- [Brief] Quote all lines below exactly. Images stay out.

- [Information provided]
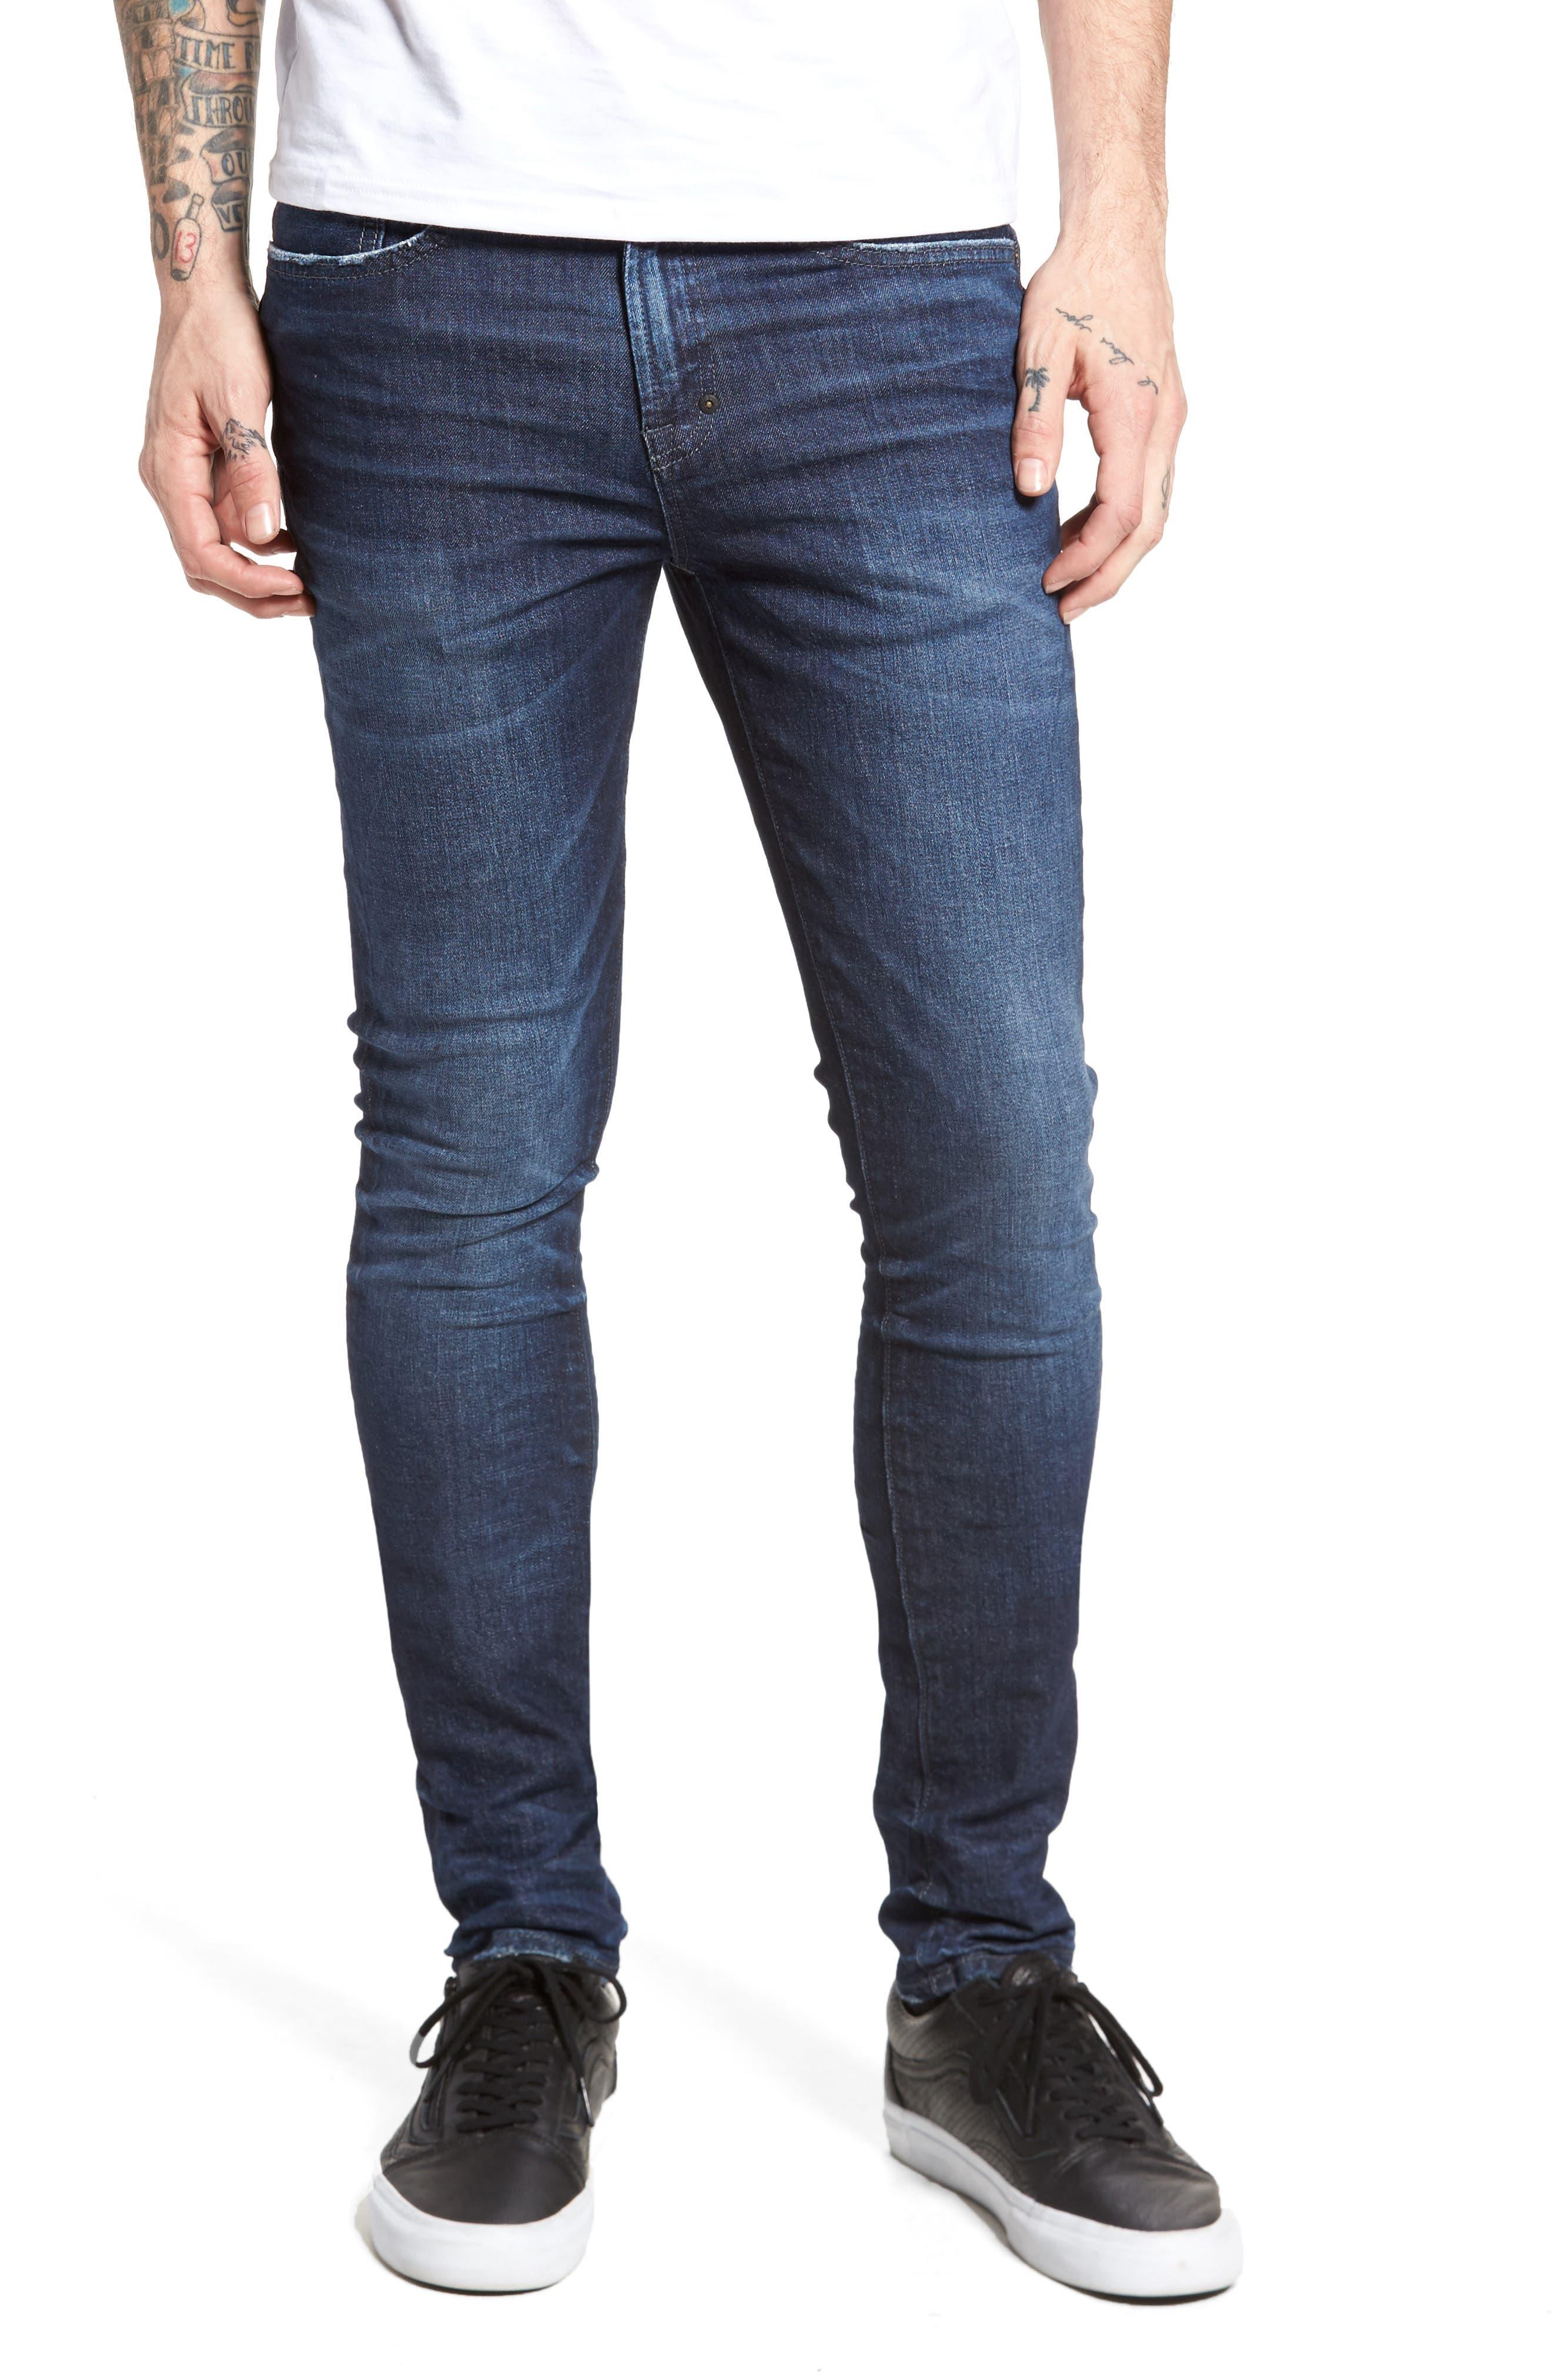 Windsor Slim Fit Jeans,                         Main,                         color, 401
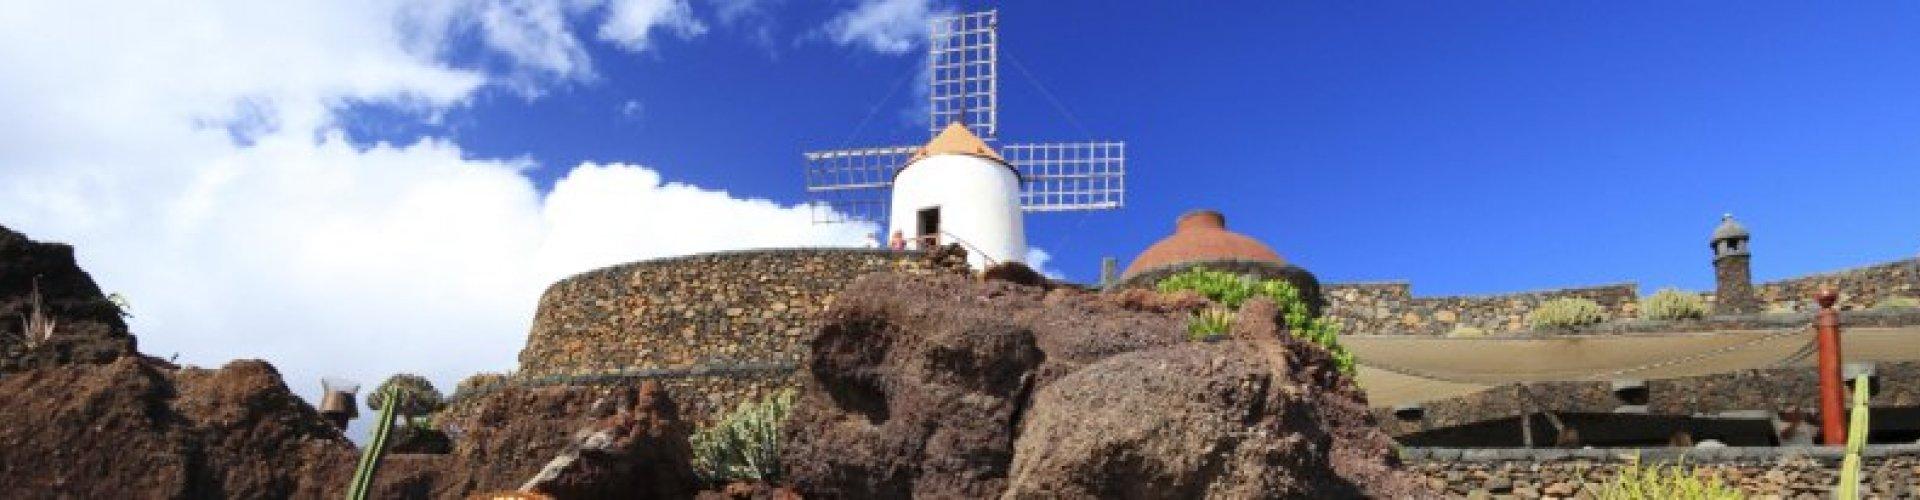 Ausflug nach Lanzarote
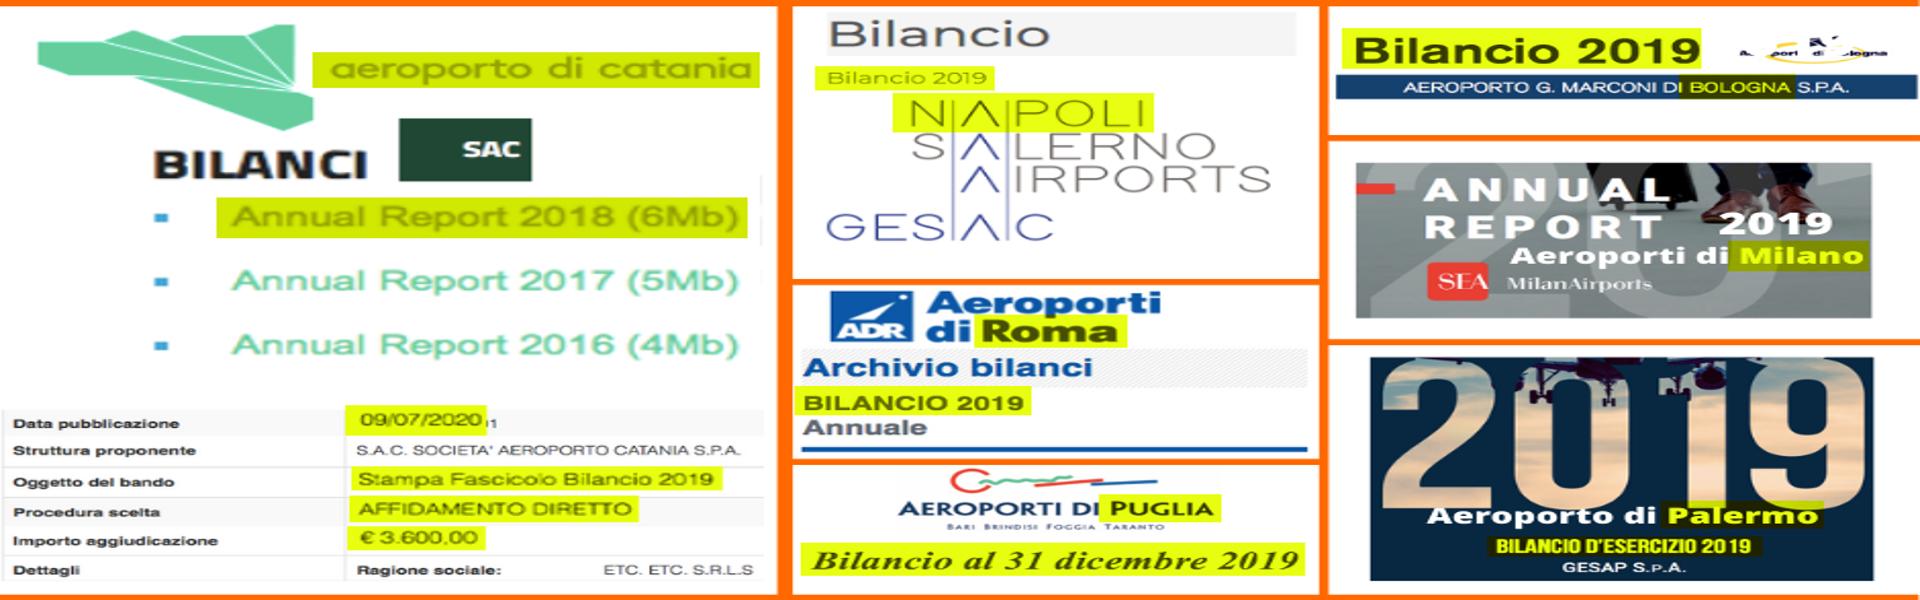 Tutti gli aeroporti d'Italia hanno pubblicato il bilancio 2019 tranne SAC, quello di Catania...che però ha speso 3.600 euro...per stamparlo

- [Expected answer]
 Windsor Slim Fit Jeans,                         Main,                         color, 401
 Ausflug nach Lanzarote
 Tutti gli aeroporti d'Italia hanno pubblicato il bilancio 2019 tranne SAC, quello di Catania...che però ha speso 3.600 euro...per stamparlo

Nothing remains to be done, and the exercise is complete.